Previously, we presented the results of fusion experiments as a percentage of maximum NBD fluorescence (7). To calibrate the fluorescence measurement in terms of rounds of fusion of donor vesicle phospholipids, we mimicked the lipid composition expected of vesicle products (Fig. 1A) before fusion (“zero rounds”) and after one round, two rounds, and so on. This was accomplished simply by mixing the NBD and rhodamine-containing lipids (used to form donor vesicles) with the nonfluorescent lipids (used to make acceptor vesicles) in a series of ratios of acceptor to donor lipids. Vesicles were then formed as described for proteoliposomes used in fusion experiments. The resulting NBD fluorescence then was determined as a function of the ratio of acceptor to donor lipids in the hybrid vesicles and converted into a calibration curve (Fig. 1B; see Materials and Methods).
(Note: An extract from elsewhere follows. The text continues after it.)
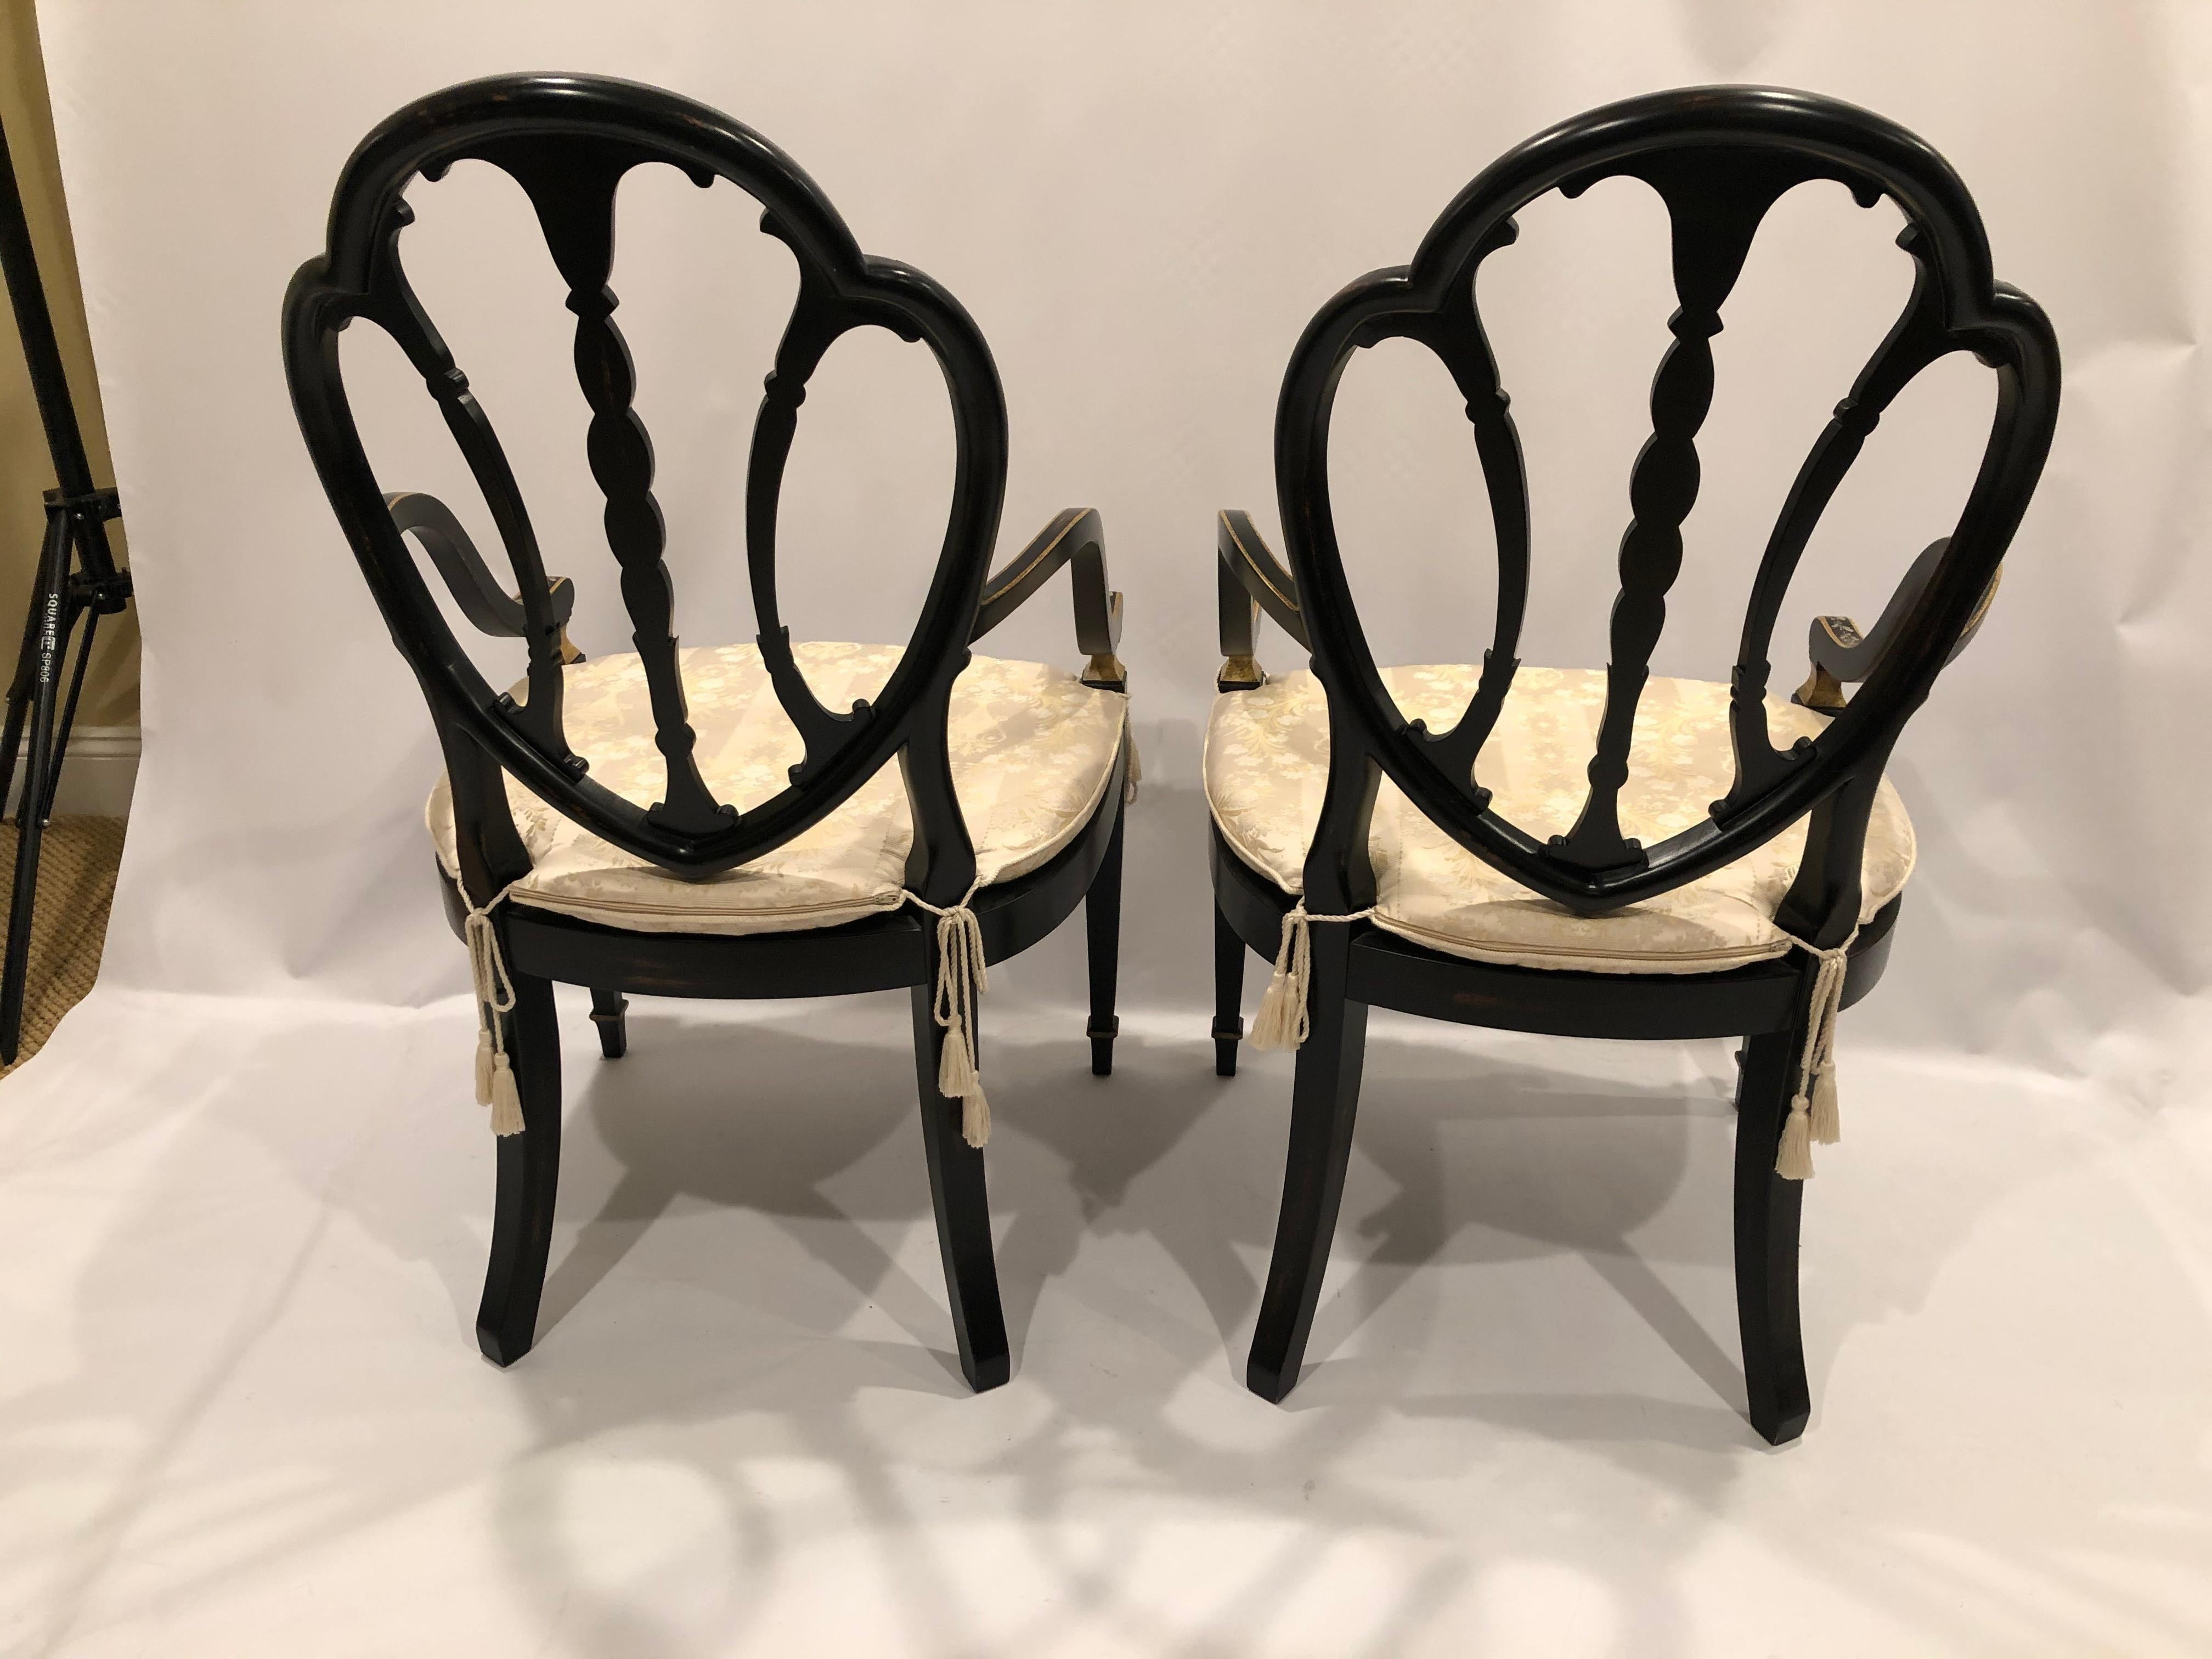 Magnificent Pair of Black Hand Painted Italian Armchairs with Caned Seats For Sale 8

v- and t-SNARE-containing liposomes either were preincubated for ≈16 hours at 4°C [a condition that permits SNARE complex formation but not fusion (7)] or were not preincubated before fusion at 37°C. The increase in NBD fluorescence as a function of time at 37°C (Fig. 1C) was converted to rounds of fusion of donor vesicles according to the calibration curve (Fig. 1B), resulting in a calibrated representation of rounds of fusion vs. time (Fig. 1D). Without preincubation (Fig. 1D, open circles), fusion products appear linearly with time for at least 2 hours, resulting in a total of 1.5 rounds of fusion during that period. When liposomes were first preincubated at 4°C to allow docking via SNARE complexes (7) between v- and t- liposomes (Fig. 1D, closed circles), about three rounds of fusion occurred in the same period.
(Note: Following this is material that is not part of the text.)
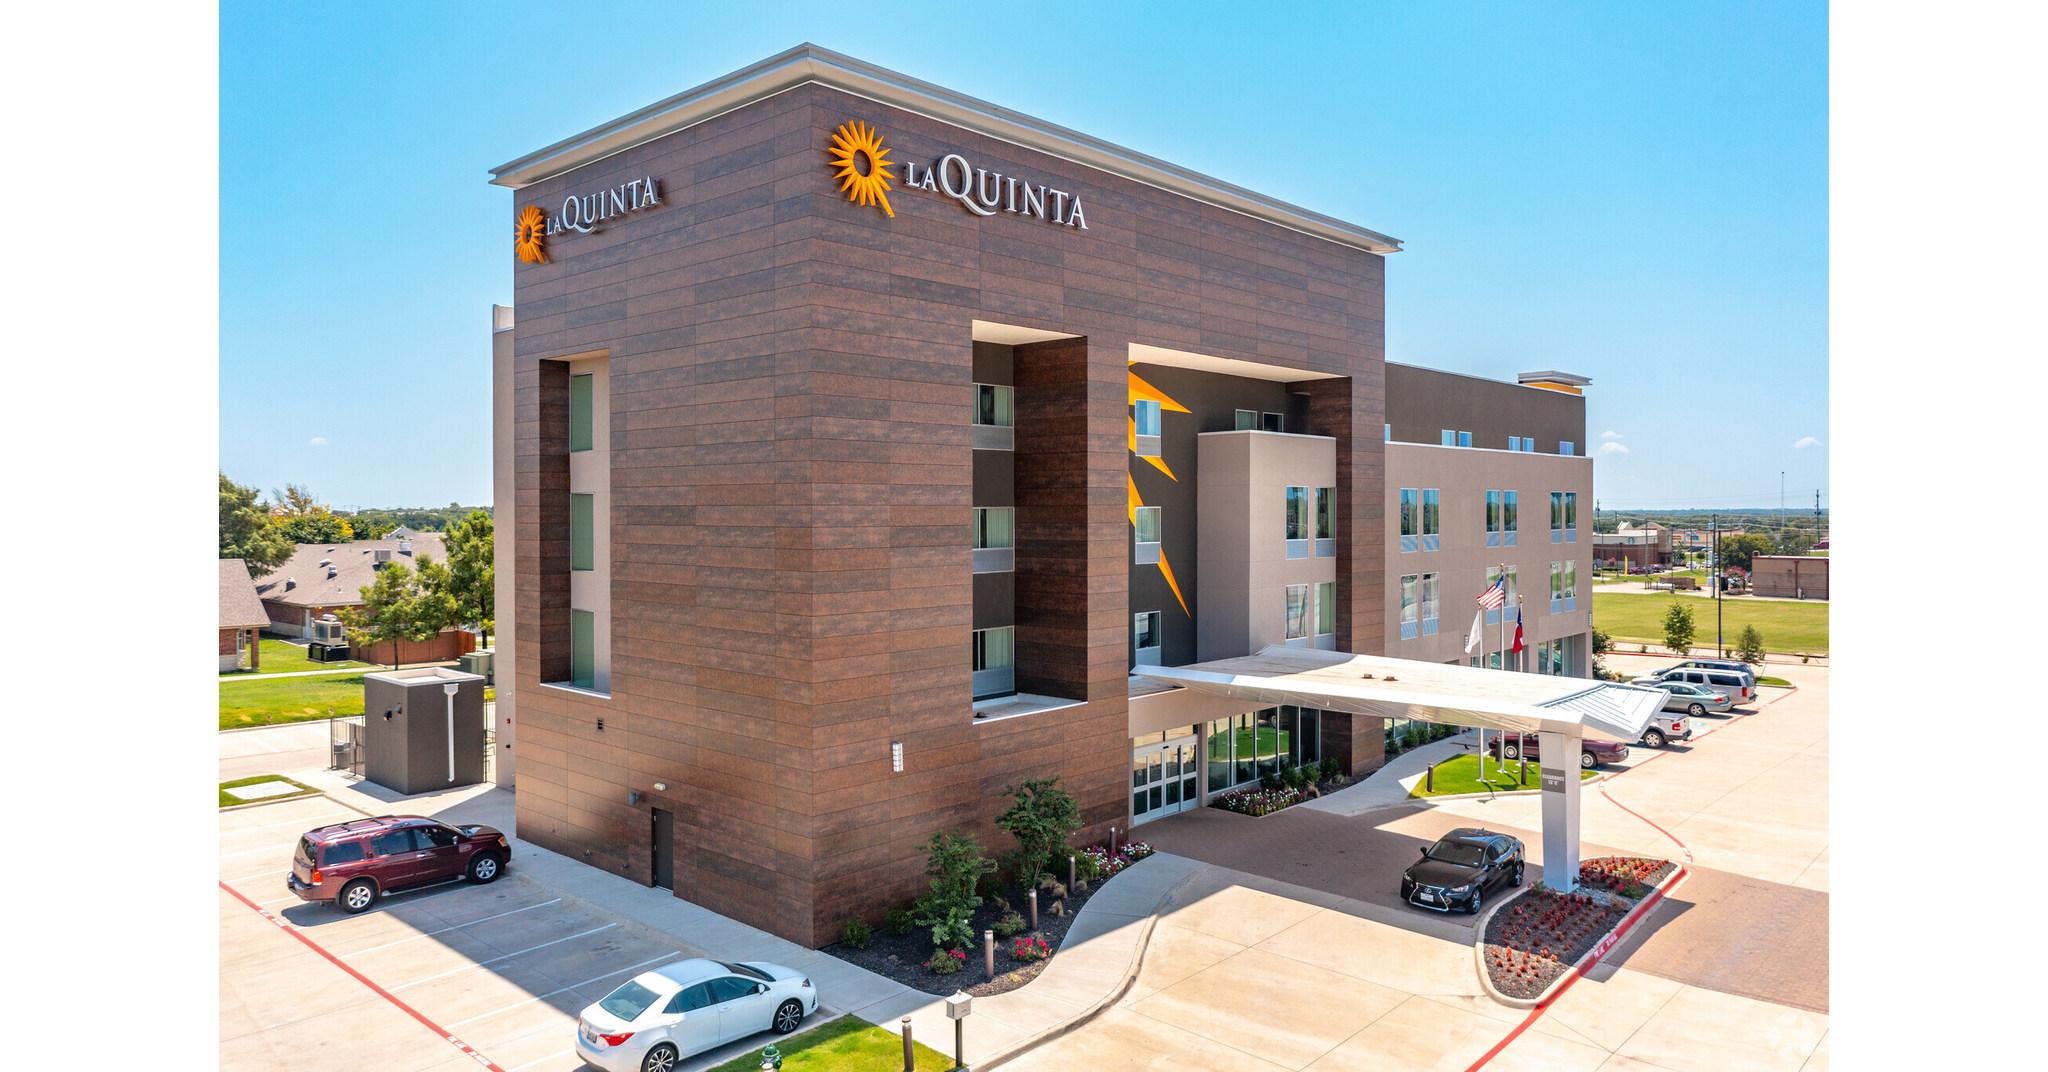  Mohr Partners Transacts on Newly Developed La Quinta Hotel in Red Oak, TX

Kinetic Dissection of Docking and Fusion Steps.

In principle, the overall rate of fusion is determined by two processes: (i) the rate of “functional” docking (i.e., assembly of fusion-competent SNARE complexes between liposomes) and (ii) the rate of fusion once fusion-competent SNARE complexes have assembled. Liposomes that were not preincubated fuse linearly at a rate corresponding to a half-time for the first round of fusion of ≈40 min (Fig. 1D, open circles), representing the time required for half of all of the donor vesicles to complete the overall process of fusion once. As a result of the 4°C preincubation, the kinetics are now biphasic (Fig. 1D, closed circles).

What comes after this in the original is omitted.